Hammond's dazed eyes swept from the men to the big instrument that occupied much of the room. It looked like a six-inch refracting telescope mounted on a heavy pedestal, and yet there were things about it that didn't fit a telescope at all. He noticed that a section of the ceiling above it was so mounted that it could be swung aside, allowing the big tube to sweep the sky. The unfamiliar instrument, the unfamiliar technology it represented, completed Hammond's bewilderment.

Quobba took the turban off Hammond's head and drew him by the arm toward a well-mouth that yawned at one side of the chamber. A narrow spiral stair of metal dropped down this vertical shaft. Hammond went down it with the blue man going ahead and reaching back to steady him. The wizened little yellow man named Shau Tammas came after them with monkey-like agility. There was bright white light below, and they went down into the light, into a great room or hall that had been cut or blasted somehow out of solid rock.

The room was big and lofty. Brilliant white globes in the rock ceiling shed an almost shadowless illumination. Around the walls were unfamiliar machines, tables of whirring instruments, glittering metal assemblies. There were more than a score of people working busily at the machines—most of them were men, but some were women who wore shirts and shorts. The majority of these people were of a perfectly familiar type but there were a few who looked as unusual as Quobba and Tammas—a couple of stocky men with dull red skins, a lanky hollow-eyed man with a curious smooth gray complexion. They turned from their work to look at Hammond in surprise and quick-rising alarm.

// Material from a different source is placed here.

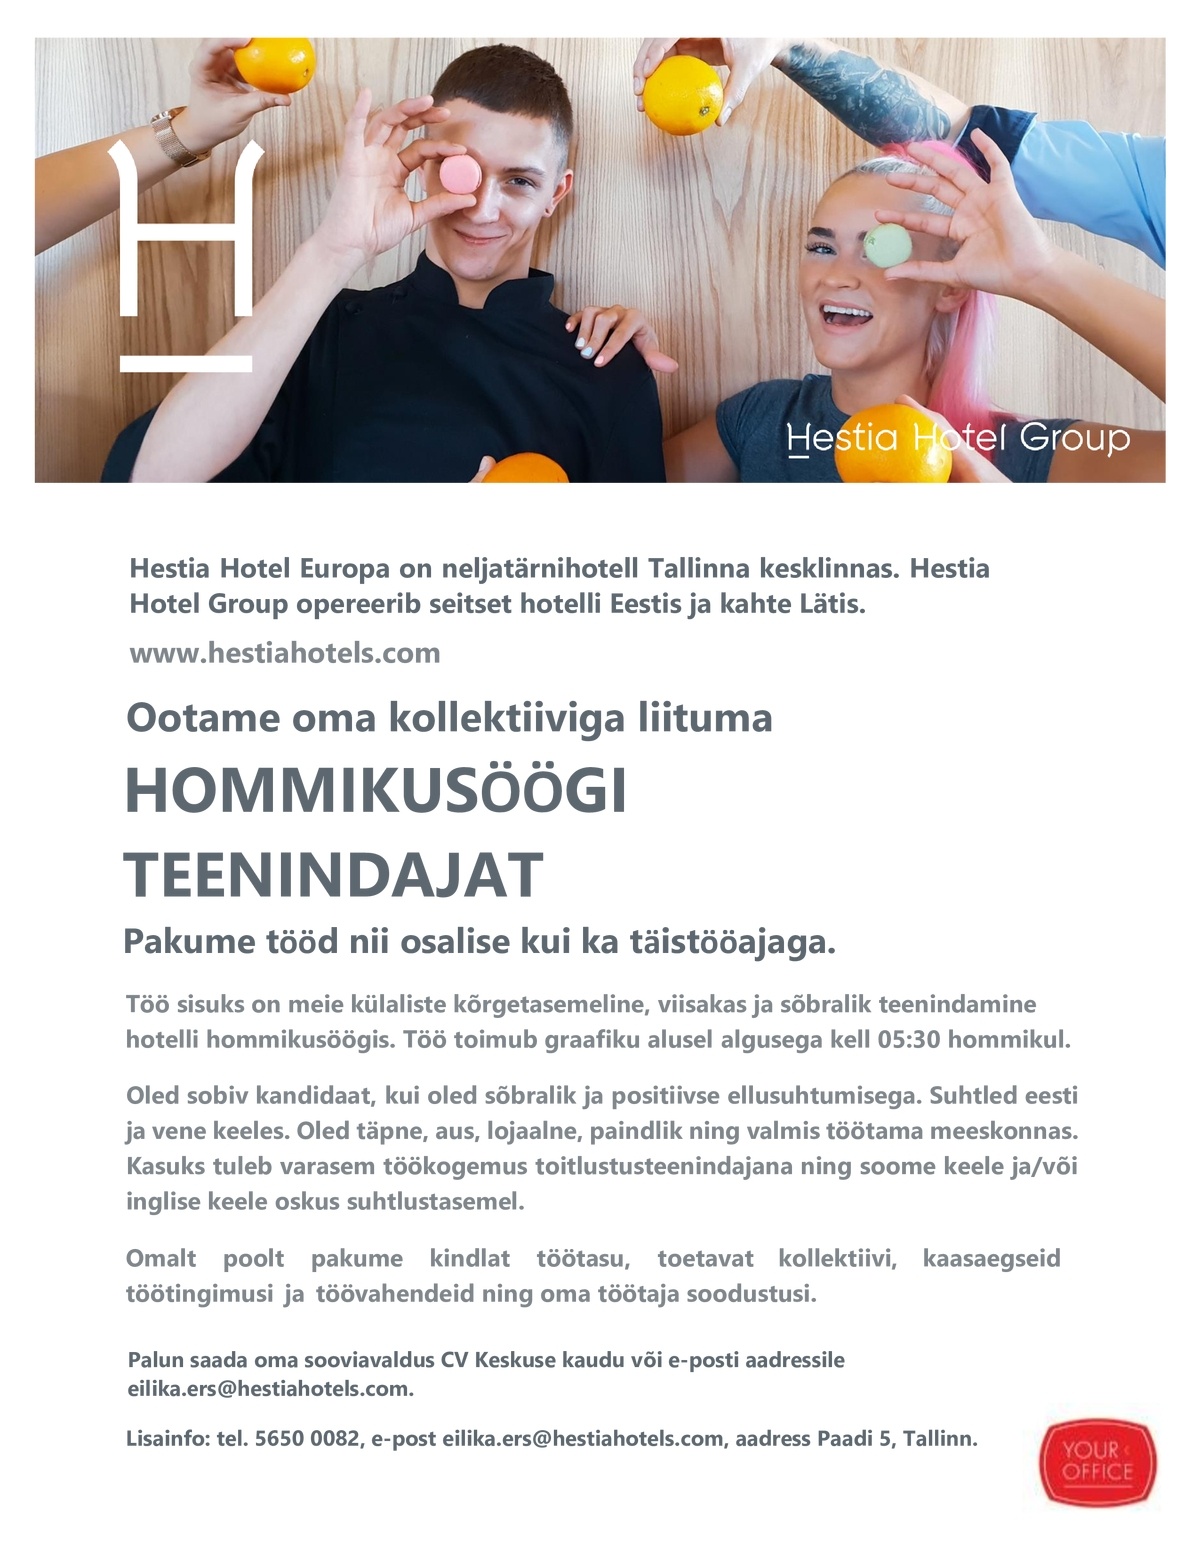 Hestia Hotel Europa Hommikusöögi teenindaja (Hestia Hotel Europa) algusega 5.30

He stared back, seeing their faces as though in a dream. He knew that he was nearly out. He would have sunk to the floor if Rab Quobba had not steadied him as he led him across the hall. Behind him wondering and excited men and women followed, their voices rising in a buzzing chatter. They went through connecting rock-cut halls to a small chamber that seemed their destination. Here were shelves of curious metal-bound books, wall-charts of astronomical diagrams, a couple of littered desks.

"Ez Jon Wilson, lanf do nos Hoomen," Quobba said to Hammond, pointing to the man who was coming toward them.

Jon Wilson was past middle age. He overwhelmingly reminded Hammond of someone, and suddenly he remembered. There had been a man named John Brown of Harper's Ferry, a long time ago. A harsh, fanatic leader. He had seen pictures of that man and this one was like him—the same gaunt narrow face of iron-hard planes, the same iron-gray hair, the deep hollow-caverned eyes, everything but the beard. The impact of those eyes was like a blow, and in them was an alert anxiety as he looked at Hammond.

There was a girl at his side, slender in her brief garment, her dark hair falling to touch her shoulders. She was pretty as a hawk, and her dark eyes were wide with wonder.

"Ez an do Vramen?" she asked quickly of Rab Quobba.

"Nun, Iva!" the blue man said. His battered face was earnest as he made rapid explanations, pointing excitedly upward toward the rock ceiling.

To Hammond it was more like a dream every minute. The whole scene was blurring. He had kept going on sheer nerve, but now the inevitable reaction hit him like a mountain falling on him. He tried to hold on, to fight back the shapeless darkness. He became aware that an altercation was going on. A tall hard-eyed man with sandy hair was speaking rapidly to Wilson, gesturing at Hammond with suspicion in every line of his face. Suspicion and hate.

"Dito, ez fa Vramen!" the sandy-haired man said, and a mutter of agreement came from those crowded in behind Hammond. But Quobba shook his head in angry denial.

"Ez nun, Lund!"

But the sandy-haired man only talked louder, against Quobba.

It was pretty obvious, Hammond thought, that at least some of these people thought he was a spy or ally of some enemy of theirs called the Vramen. And, ignorant as he was of their language, how was he going to tell them the truth about himself?

Even more important, how was he going to make them believe it?